Xenófanes interpretou a inovação ou καινοτομία como a “abertura de novos cortes”: novas fontes de renda, uso eficiente do trabalho, uma força de trabalho melhor treinada e próspera, com uma valorização dos preços da terra (XENÓFANES, 1897, pg. 75). O sentido do termo é o de criar novas formas de fazer as coisas para alcançar um objetivo específico. Por outro lado, no entanto, Xenófanes considerou sua própria proposta arriscada, capaz de afetar o equilíbrio dos poderes políticos existentes (XENÓFANES, 1897, pg. 85; GODIN e LUCIER, 2012).
Nos gregos posteriores Platão e Aristóteles, inovação é usada num sentido essencialmente pejorativo. Platão expõe seu ponto de vista sobre a inovação em suas Leis, ao se referir sobre os crimes e as punições aos imigrantes: “(…) mas se ele for condenado por tentar fazer inovações na educação e nas Leis, deixe-o morrer” (PLATÃO, 2013). Para Aristóteles, que considerava a política como uma technê e não uma prática, a inovação também deveria ser rechaçada. Conforme afirma Thanassis (2015), “embora cada excurso em Política II tenha o seu próprio foco, (ambos) estão unidos pelo problema das inovações e das mudanças políticas”.
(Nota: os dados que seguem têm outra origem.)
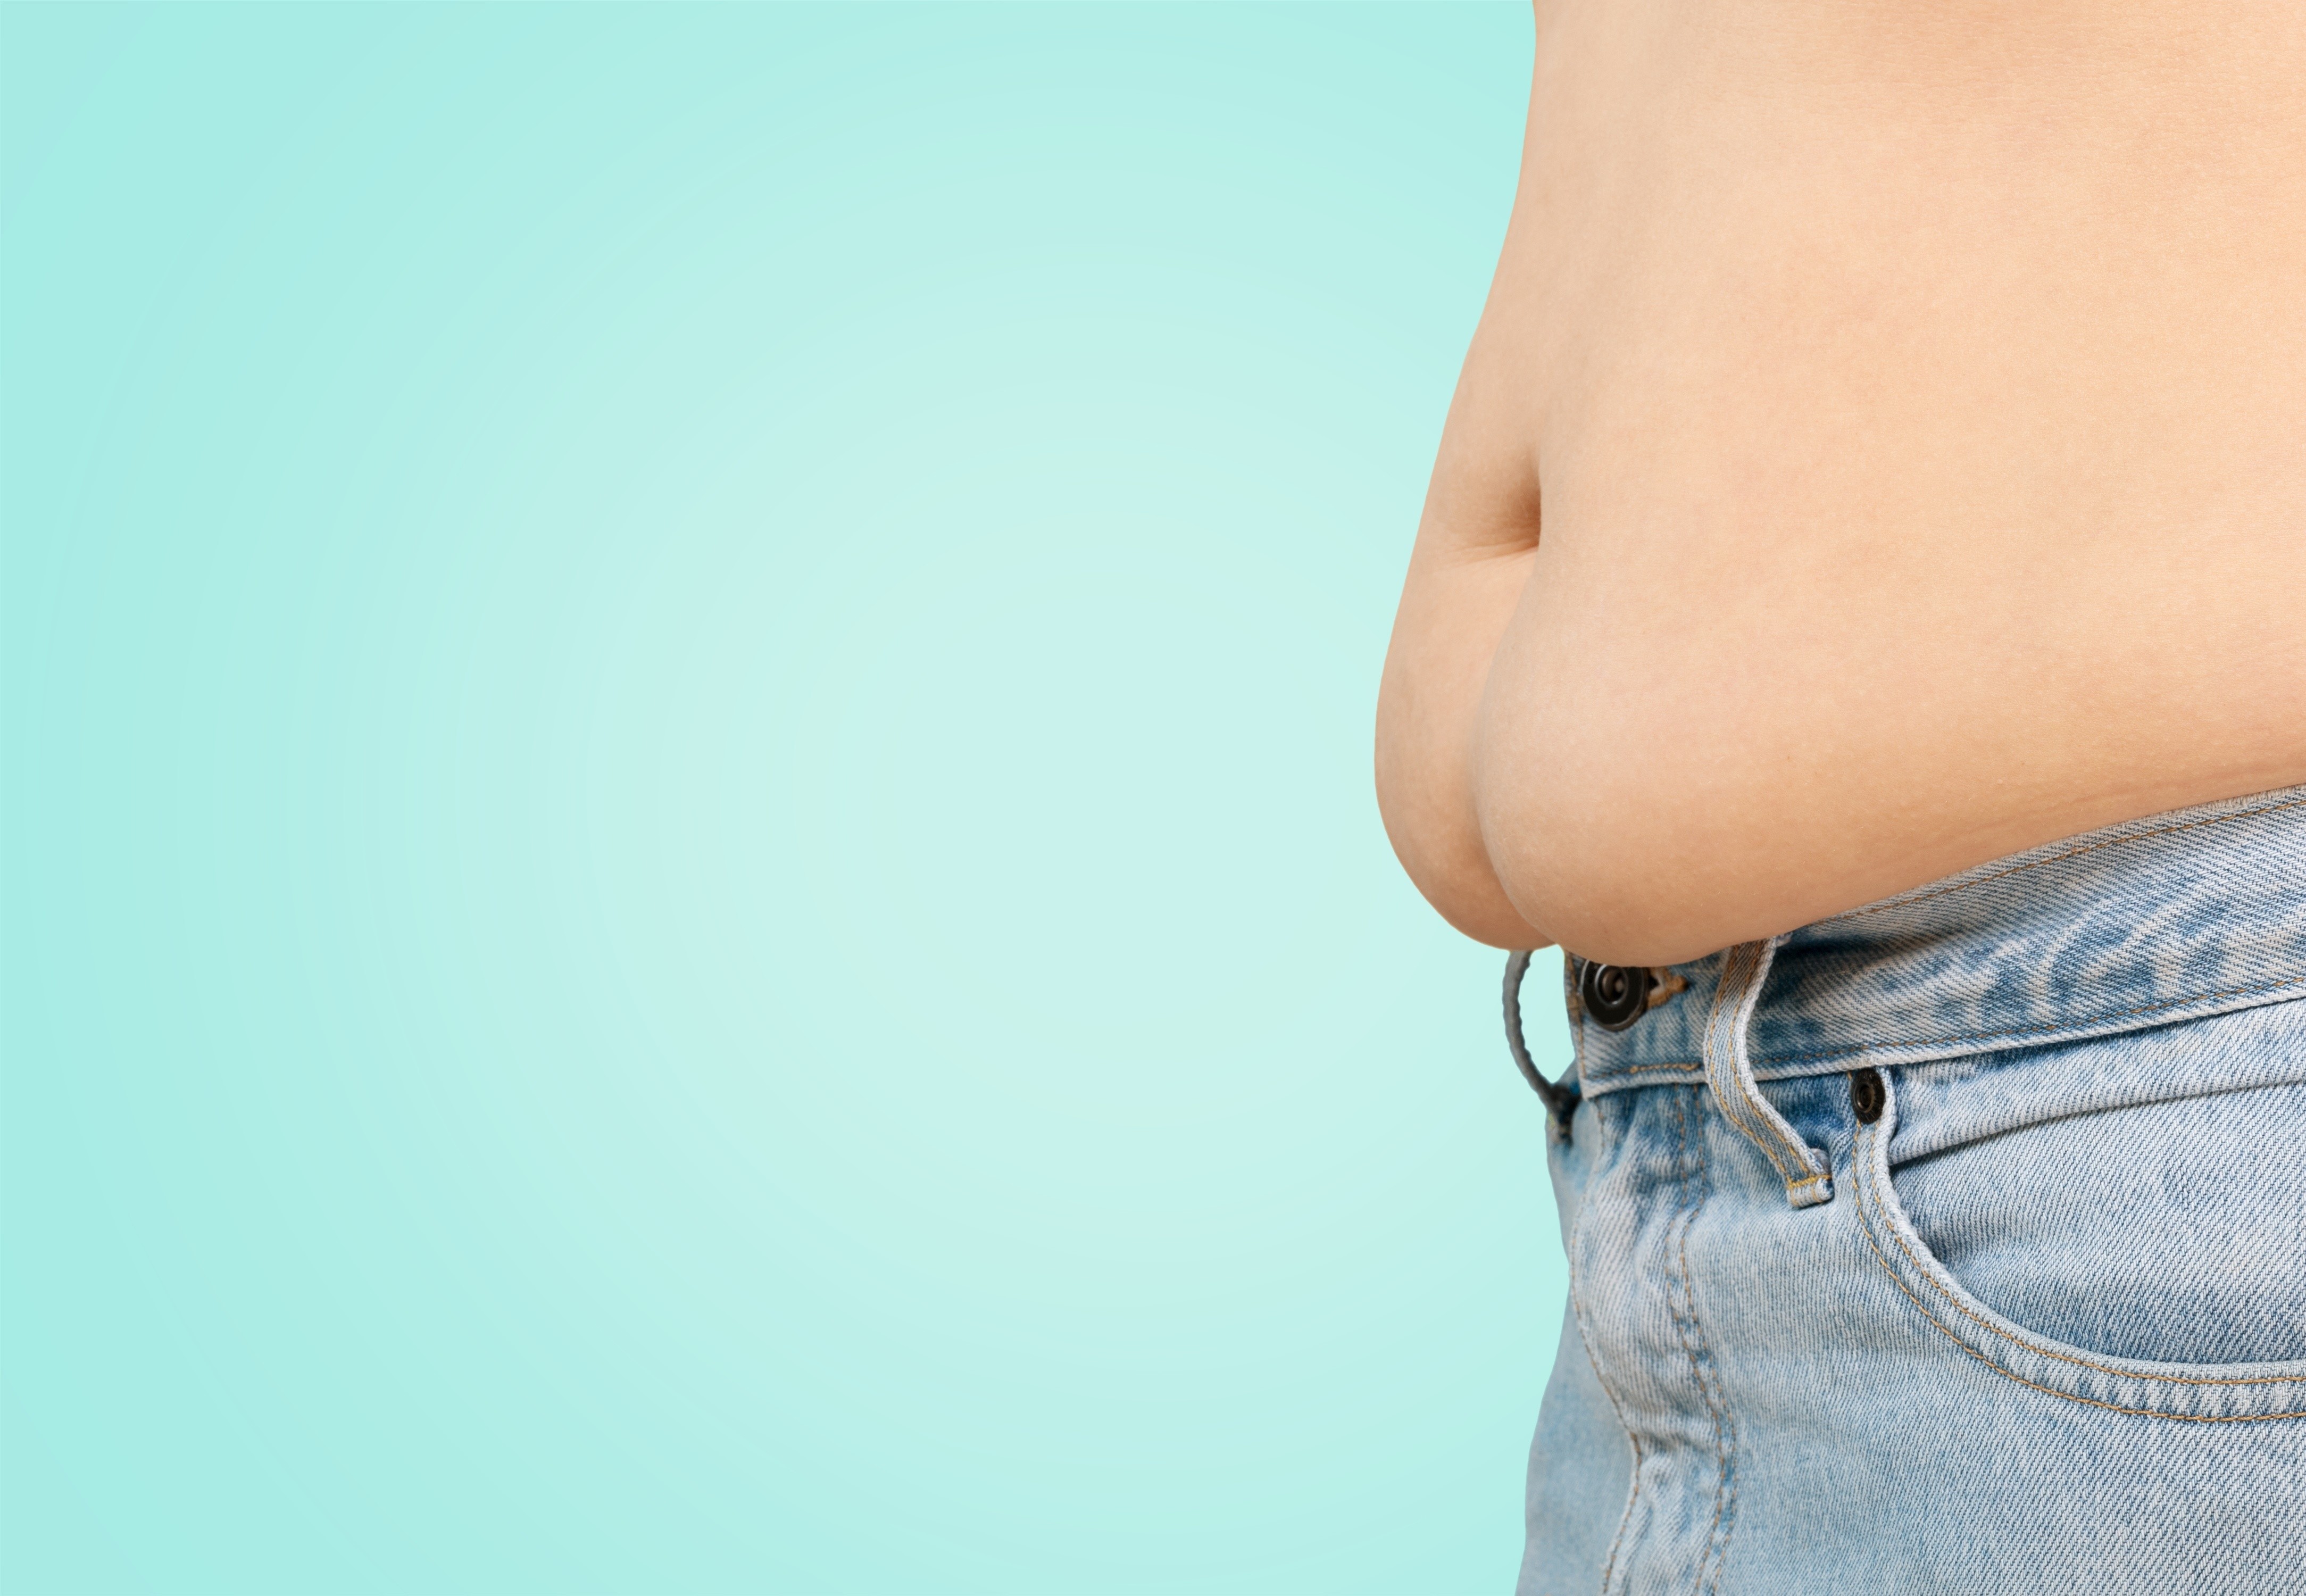 The 5 Most Requested Areas for Liposuction

Ainda segundo Godin (2011), a ideia de inovação com esta conotação proibitiva se tornou comum entre os escritores romanos. Sêneca e Lucretia discutem a inovação — innovatione — e ambos demonstram como e por quê é temida em toda parte. Poetas como Horácio e Virgílio, moralistas (Juvenal, Sêneca, Cícero, Tácito) e historiadores (Sallust) desenvolveram o pensamento sobre a inovação — in nova — como algo maligno e proibido. Cicero, em sua obra De Imperio CN, afirma: “Eu sei o exemplo do que não deve ser feito contra a tradição e costume da maioria — ne quid novi fiat contra exempla atque institute moiorum. (Ciceronis, 1899) As opiniões desses escritores tiveram grande influência no pensamento político ocidental. Nos séculos seguintes, revolução e renovação seriam os dois pólos que conduziram o termo inovação entre um significante negativo e positivo ao mesmo tempo.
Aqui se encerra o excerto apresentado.